Великая Французская Революция 1789–1793 - Петр Кропоткин
Шрифт:
Интервал:
Закладка:
Нужно, впрочем, сказать, что финансы республики все время оставались в самом жалком положении. Налоги, конечно, поступали очень плохо, а война поглощала миллиарды и миллиарды. Ассигнации колебались и жестоко падали в цене, и в таких условиях казне необходимо было как можно скорее выручать наличные деньги от продажи государственных имуществ, чтобы погашать соответственное число ассигнаций. Поэтому все правители — монтаньяры, точно так же как и жирондисты, гораздо менее думали о крестьянах, чем о немедленной реализации наибольших сумм денег. Предпочтение всегда отдавалось тому, кто платил деньгами при покупке земель; и благодаря этому составлялись так называемые «черные банды» скупщиков и спекуляторов.

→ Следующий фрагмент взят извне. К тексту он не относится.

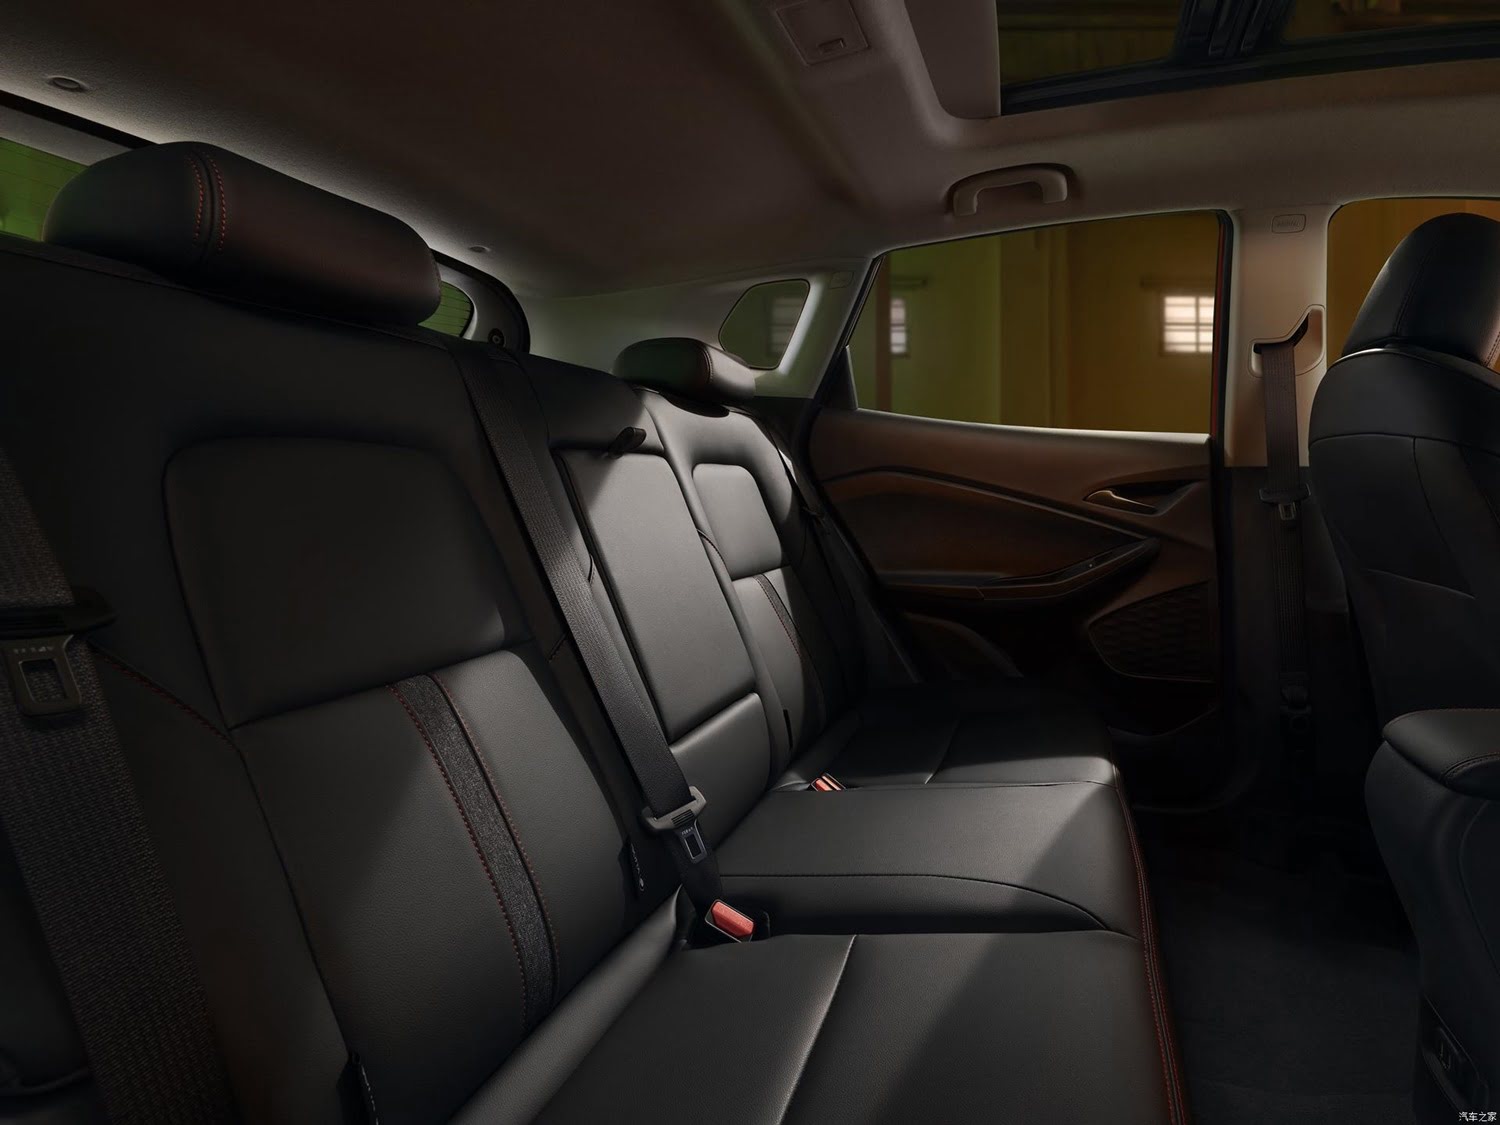 Chevrolet Tracker interior - Seats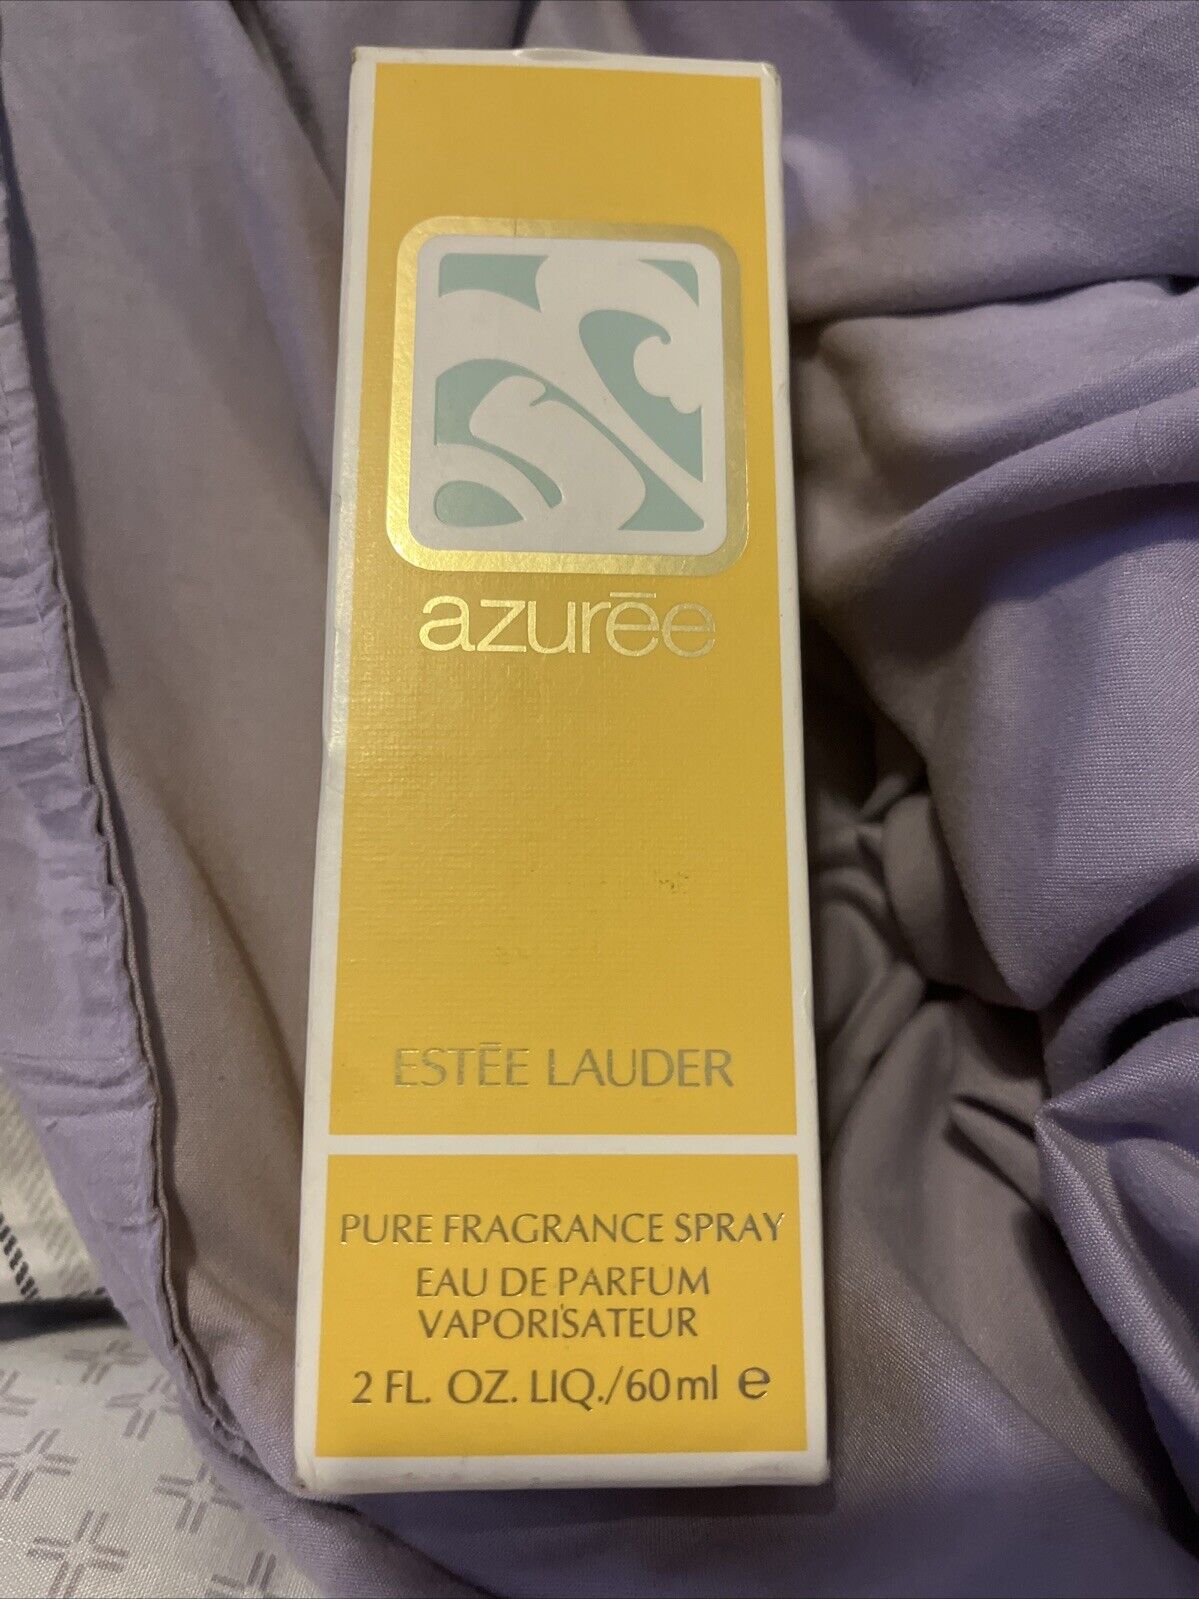 Vintage Estee Lauder Azuree Pure Fragrance Spray Perfume For Women 2 oz / 60ml

И все-таки при всем том, несмотря на все спекуляции и злоупотребления, продажи совершались в значительном количестве и малыми участками. Наряду с крупными буржуа, которые сразу нажились на покупке национальных имуществ, в некоторых частях Франции, особенно восточных, громадные количества земель перешли, как это доказал профессор Лучицкий, в руки бедных крестьян. В этих областях совершилась настоящая революция в распределении земельной собственности.
Кроме того, революция постаралась также нанести прямой удар классу больших собственников из аристократии и разрушить крупную собственность вообще, уничтожая право первородства при наследовании. С этой целью уже 15 марта 1790 г. было отменено феодальное законодательство о наследствах, в силу которого все имение передавалось одному только из потомков, обыкновенно старшему сыну. Затем, год спустя, по закону 8–15 апреля 1791 г. всякое неравенство в долях наследства окончательно отменялось. «Все наследники в разной степени родства наследуют равные доли имуществ, переходящих к ним по закону», — говорилось в этом законе. Затем число наследников было увеличено зачислением в законные наследники более далеких родственников и незаконных детей; и наконец, 7 марта 1793 г. Конвент уничтожил самое «право завещания и дарственной записи». «Все потомки будут иметь право на равные части имущества», — гласил этот закон.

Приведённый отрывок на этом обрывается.